Assim, se por um lado a ação de Nabuco, na questão da imigração chinesa

lembra os debates mais próprios do mundo intelectual, onde o dialogo com as teorias

raciais fluíam de maneira mais intensa, de outro seu posicionamento na questão da

emancipação estaria dentro das regras do agir político.
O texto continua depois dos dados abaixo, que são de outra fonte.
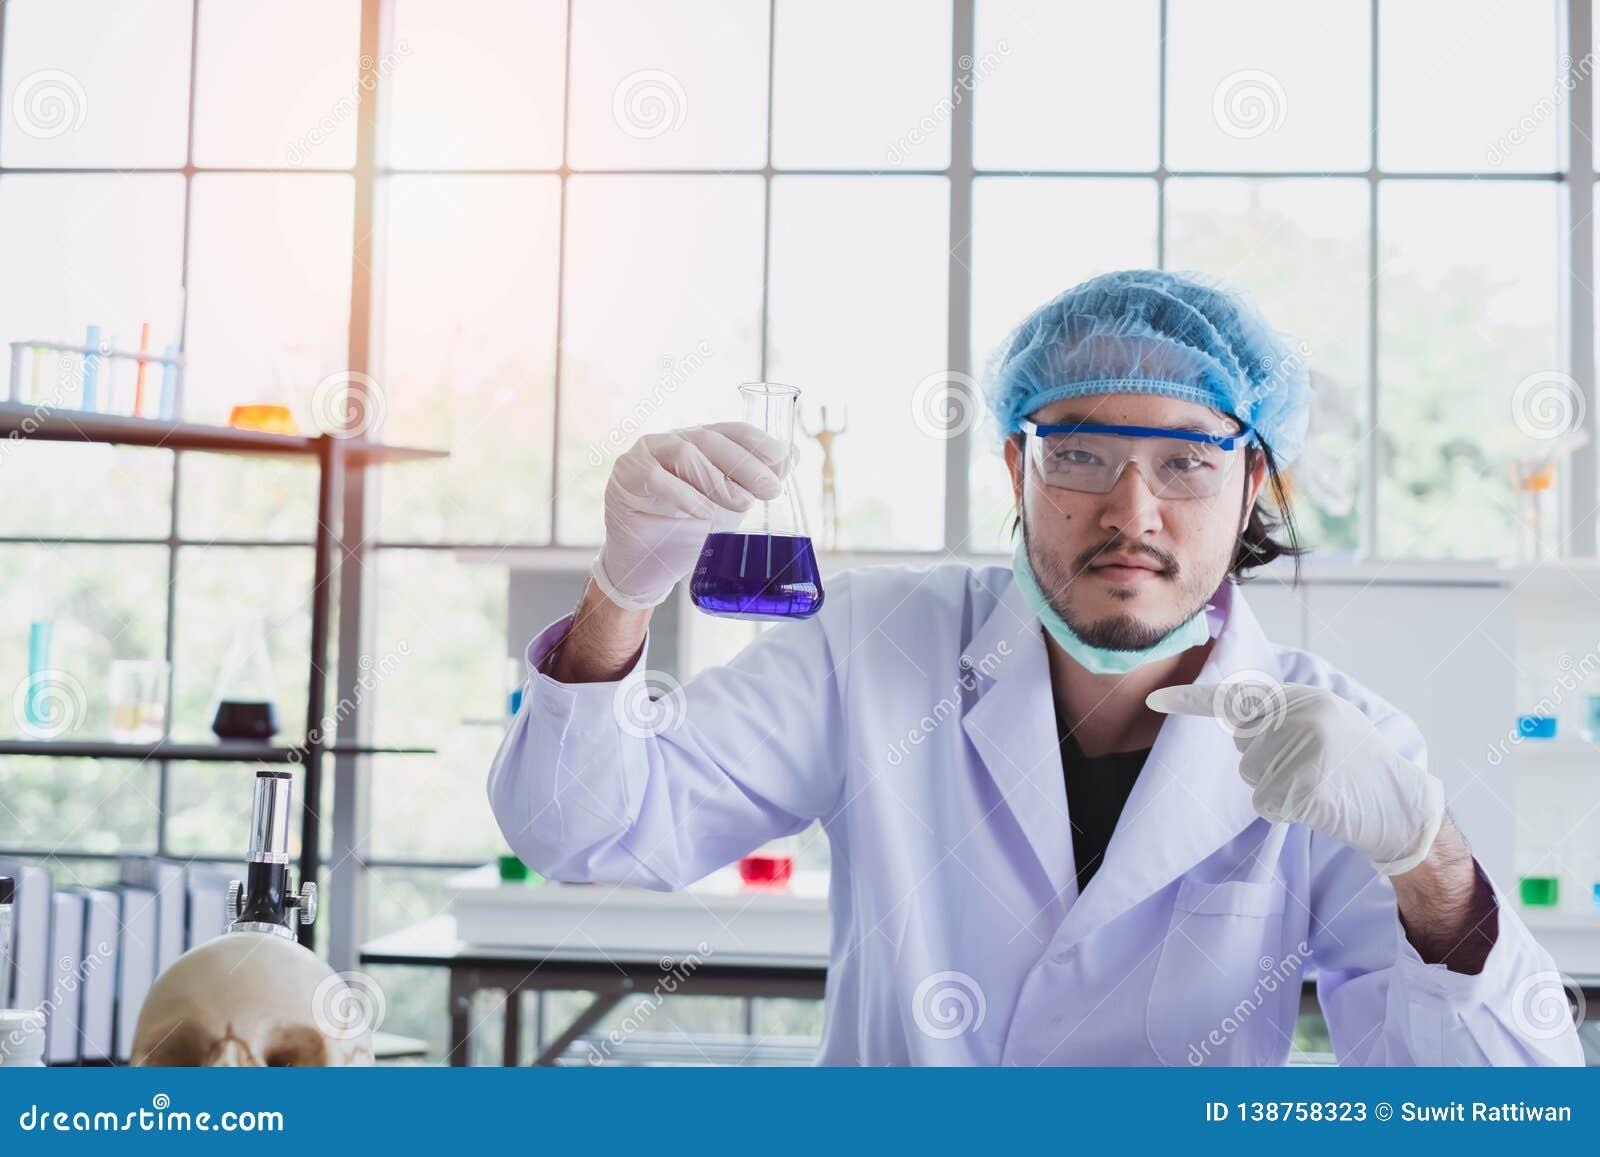 Успешный мужской химик рассматривает его новое нововведение в лаборатории

Neste ponto ele atuou de modo

mais moderado, “exercendo um papel sedativo, corrigindo o radicalismo” e “poupando

o país das intolerâncias.” (RODRIGUES, J. H., 1965 p 102). A adoção do racialismo

num tema como o da emancipação poderia quebrar esta postura “moderada”, incitar os

“radicalismos” e por fim levar ao país às “intolerâncias”. A prática conciliatória criou

um ambiente mais de inclusão do que de exclusão formal das pessoas, uma inclusão

altamente hierarquizada, mas inclusão. (DEBRUN, M., 1983 p 52). A postura racialista

poderia gerar um ambiente abertamente excludente. E esta situação seria inconveniente

por ser fértil para o crescimento dos “radicalismos” e “intolerâncias”. Desta feita, a

utilização das teorias raciais no espaço político, quando ocorreu, primou pela discrição,

pelo caráter indireto, contudo, evidentemente, existiram exceções, uma delas o debate

sobre a imigração chinesa para o Brasil.